Suppose that we want to prove that

$\frac12\cdot\frac34\cdot\ldots\cdot\frac{2n-1}{2n} < \frac1{\sqrt{3n}}$

for all positive integers $n$.

a) Show that if we try to prove this inequality using mathematical induction, the basis step works but the inductive step fails.

b) Show that mathematical induction can be used to prove the stronger inequality

$\frac12\cdot\frac34\cdot\ldots\cdot\frac{2n-1}{2n} < \frac1{\sqrt{3n + 1}}$

for all integers greater than $1$, which, together with a verification for the case where $n = 1$, establishes the weaker inequality we originally tried to prove using mathematical induction.

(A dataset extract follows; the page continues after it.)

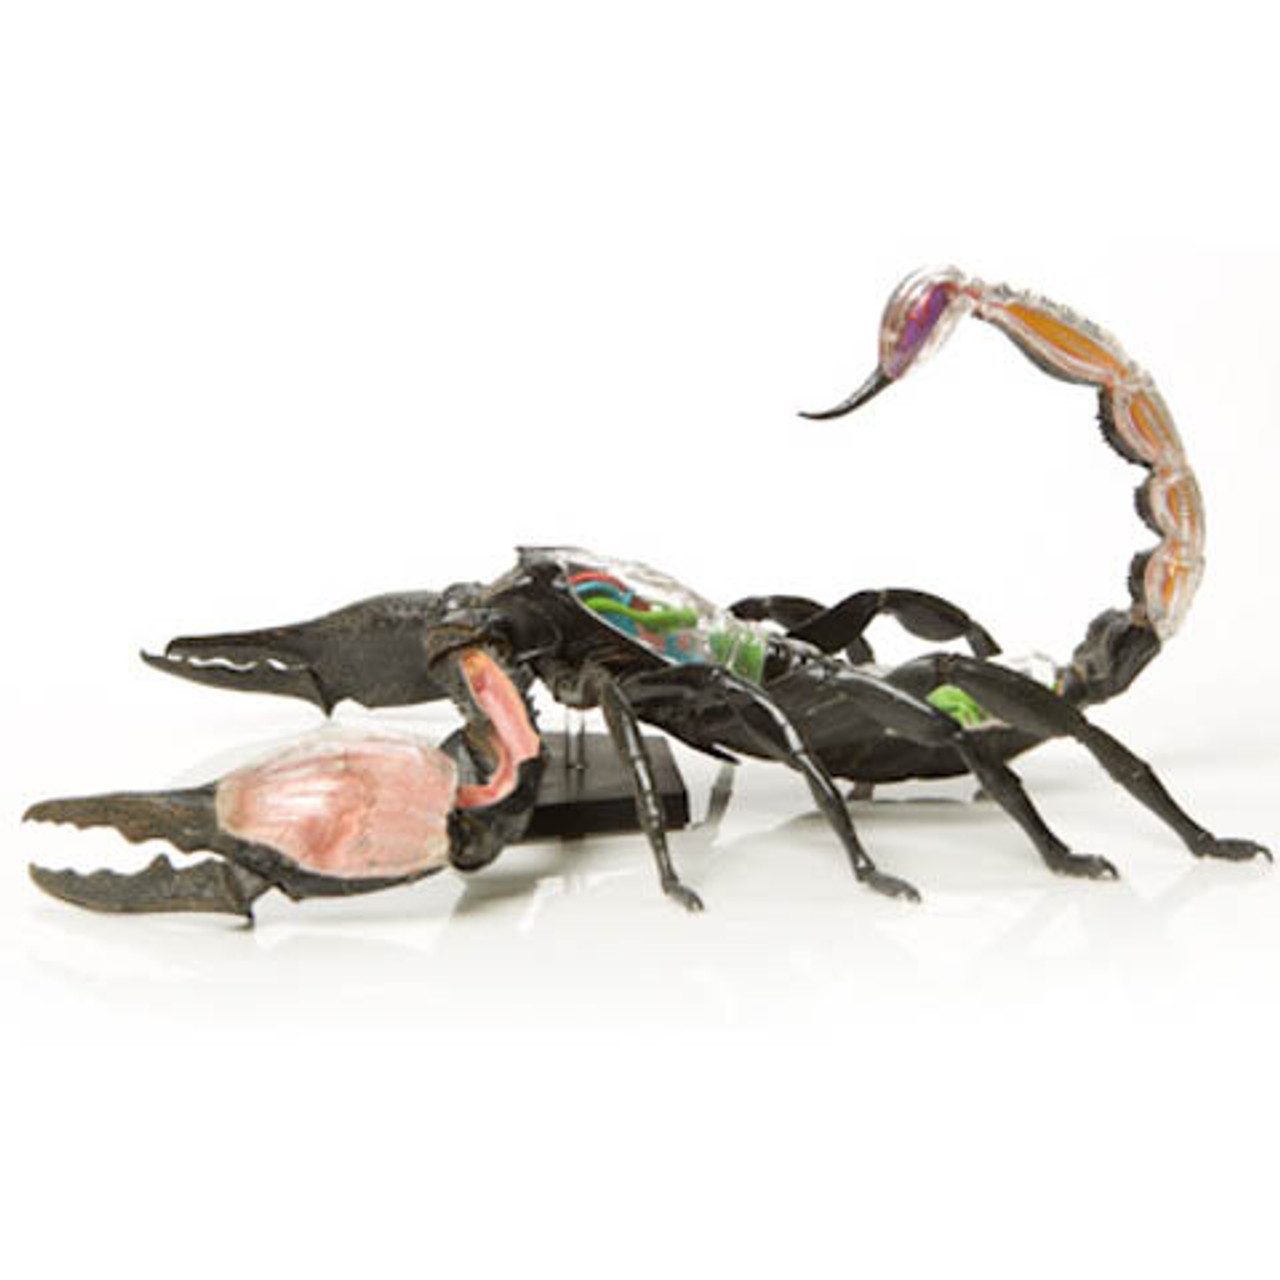 Scorpion Anatomy

I'm not sure how to proceed in the inductive step. I have

$\begin{align*}P(k)&: \frac12\cdot\frac34\cdot\ldots\cdot\frac{2k-1}{2k} < \frac1{\sqrt{3k}}\\ P(k+1)&:\frac12\cdot\frac34\cdot\ldots\cdot\frac{2(k+1)-1}{2(k+1)} < \frac1{\sqrt{3(k+1)}} \end{align*}$

then from that point (which is the very beginning) I'm stumped. This answer exists on Yahoo! Answers, but there's no explanation to the technique. Neither my friends nor my professor have given me a clear step by step answer to the problem. If someone could, it'd be very much appreciated!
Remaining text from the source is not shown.